> [Data provided]
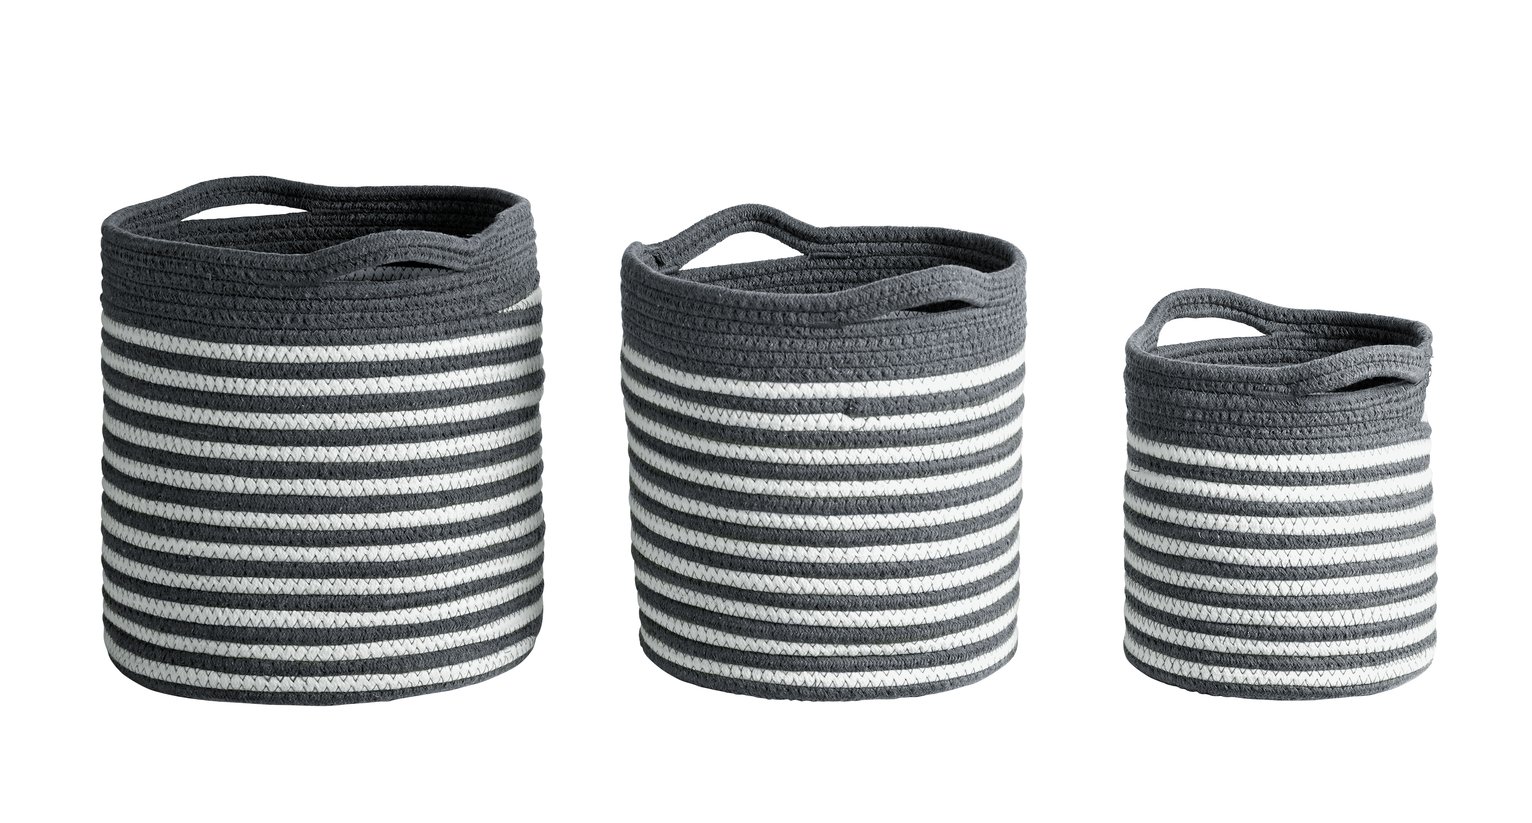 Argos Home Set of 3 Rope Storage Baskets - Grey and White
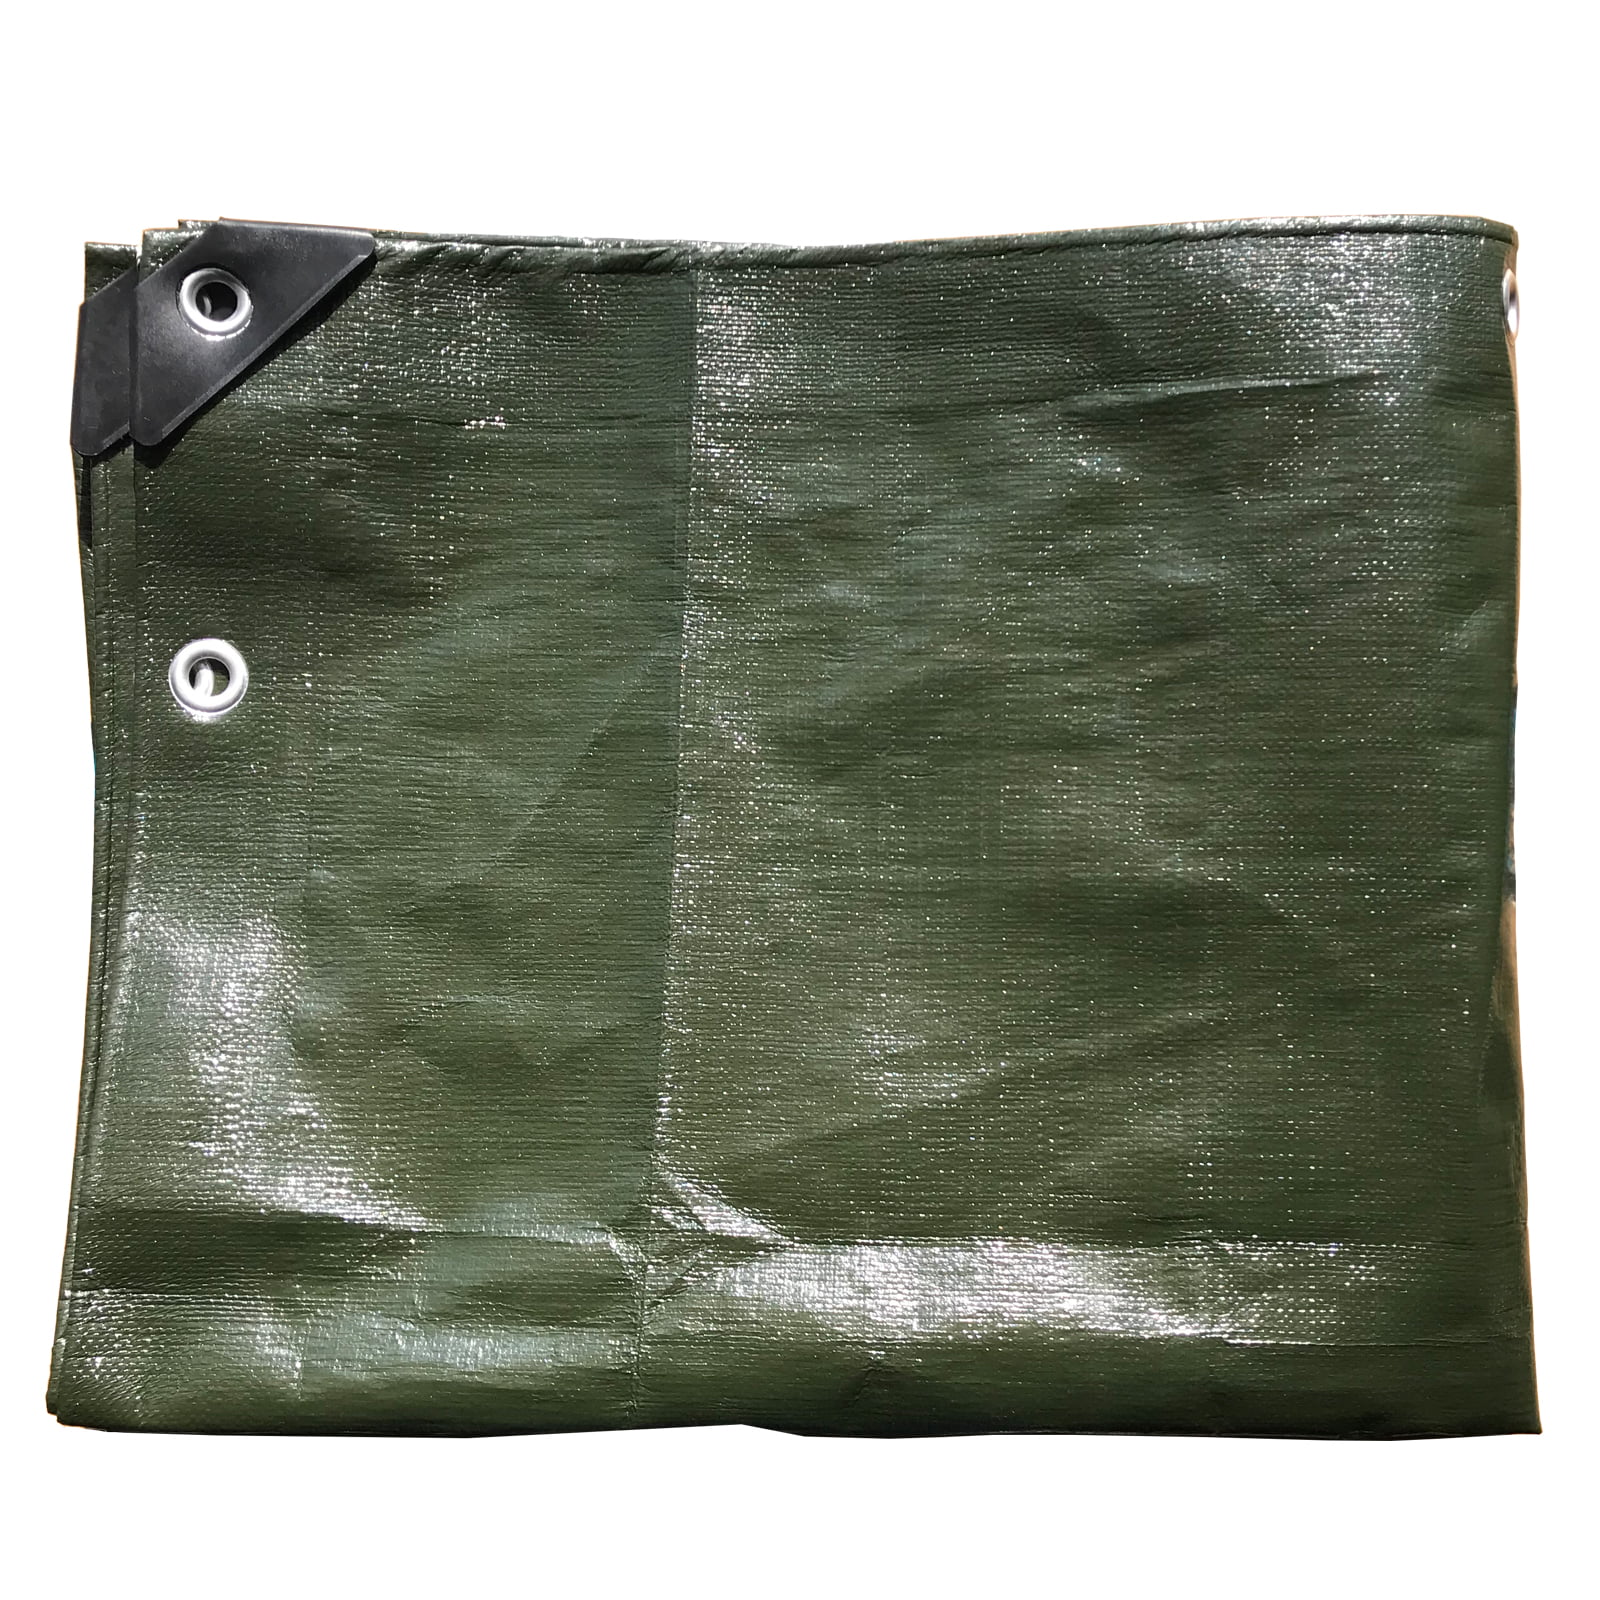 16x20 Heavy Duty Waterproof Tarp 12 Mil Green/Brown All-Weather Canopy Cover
---
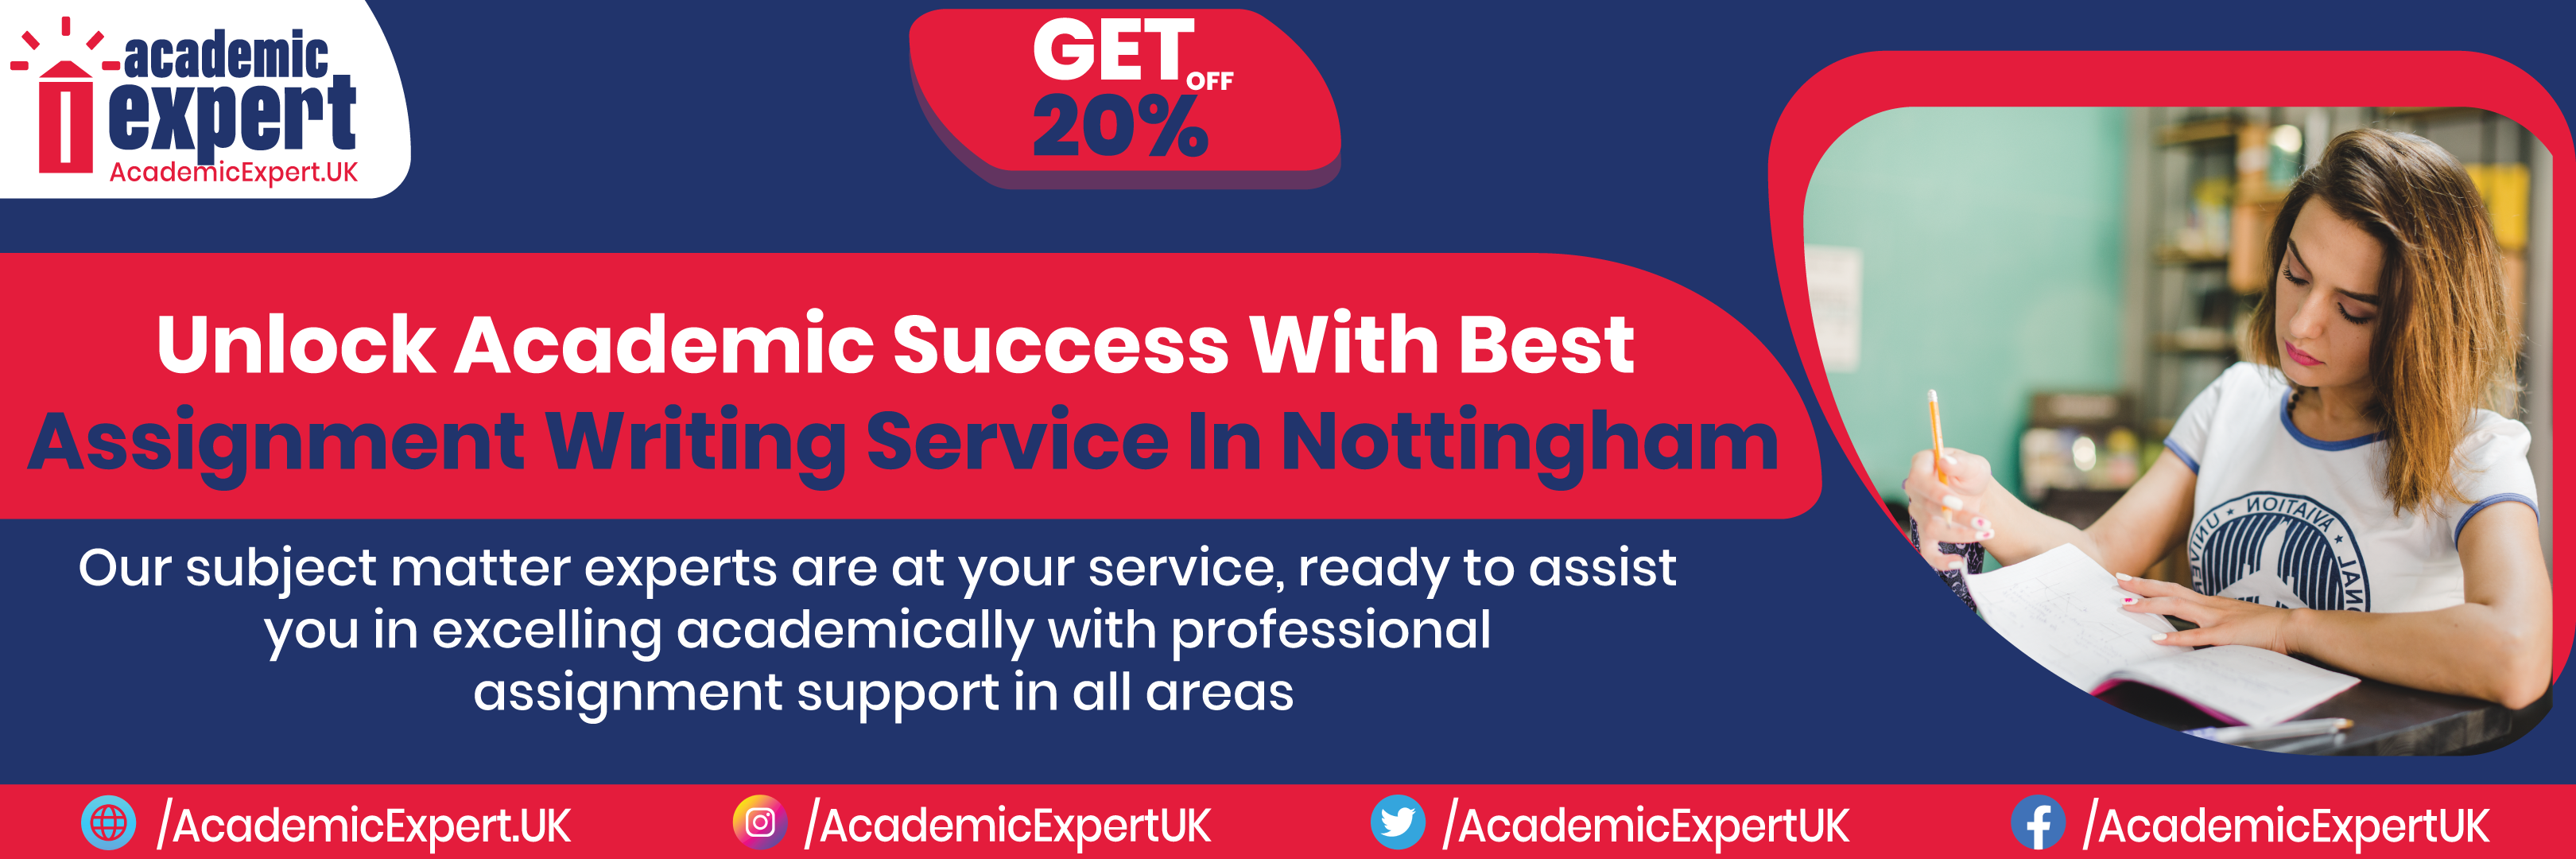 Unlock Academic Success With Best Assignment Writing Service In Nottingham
* * *
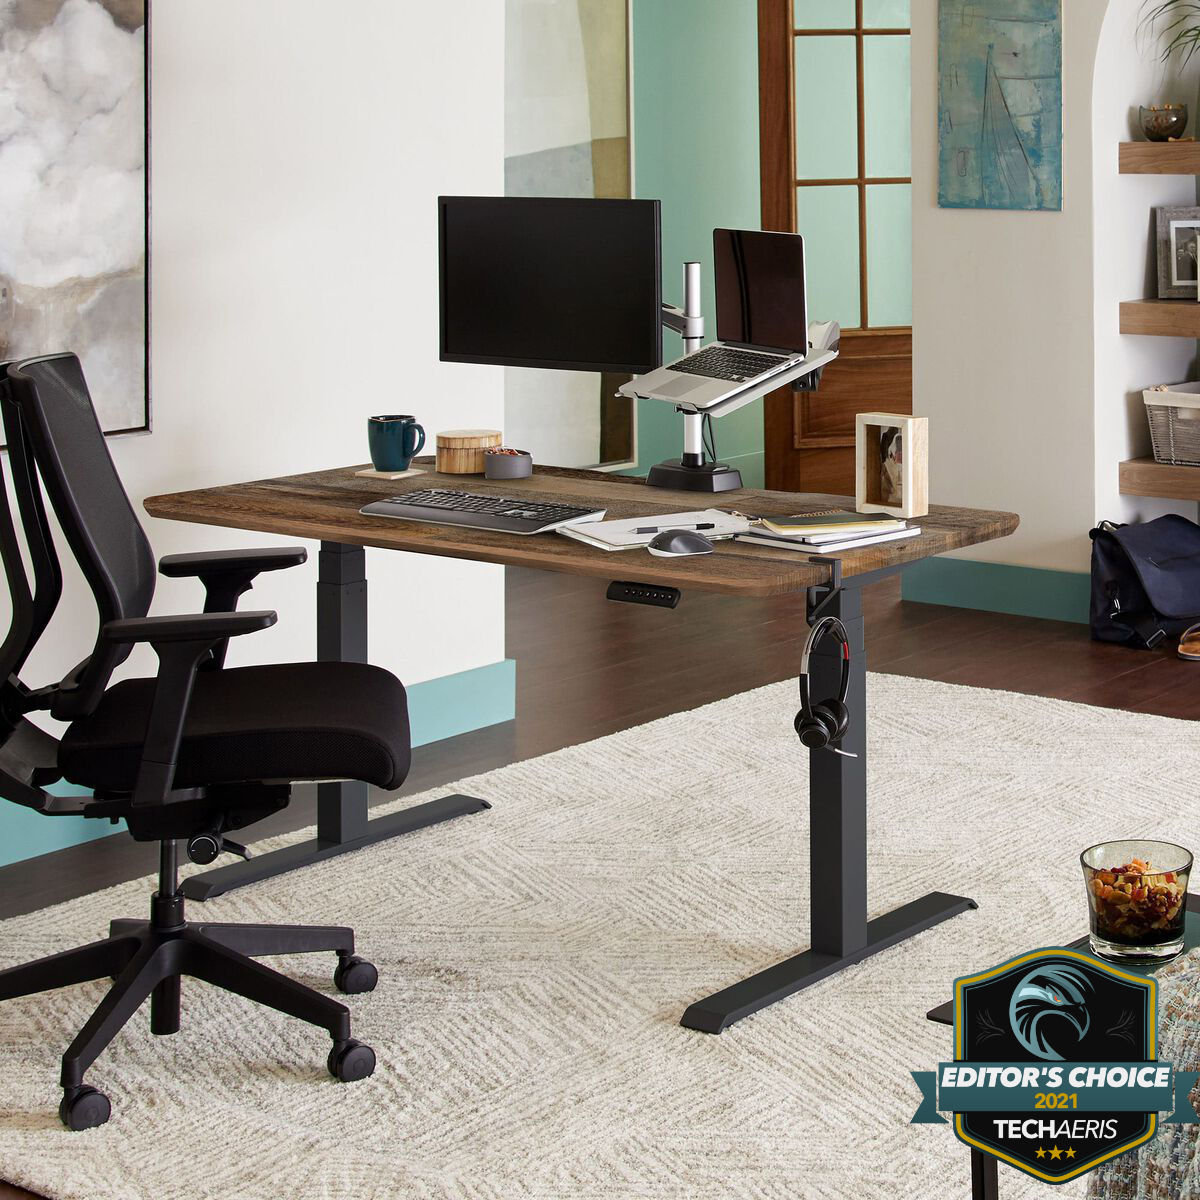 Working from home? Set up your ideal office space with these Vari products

> [Description of the task]
Within the data above, repeat exactly the lines from the one bearing "Argos Home Set" through the one bearing "16x20 Heavy Duty". Include no pictures and nothing else.

> [Answer to this exercise]
 Argos Home Set of 3 Rope Storage Baskets - Grey and White
 16x20 Heavy Duty Waterproof Tarp 12 Mil Green/Brown All-Weather Canopy Cover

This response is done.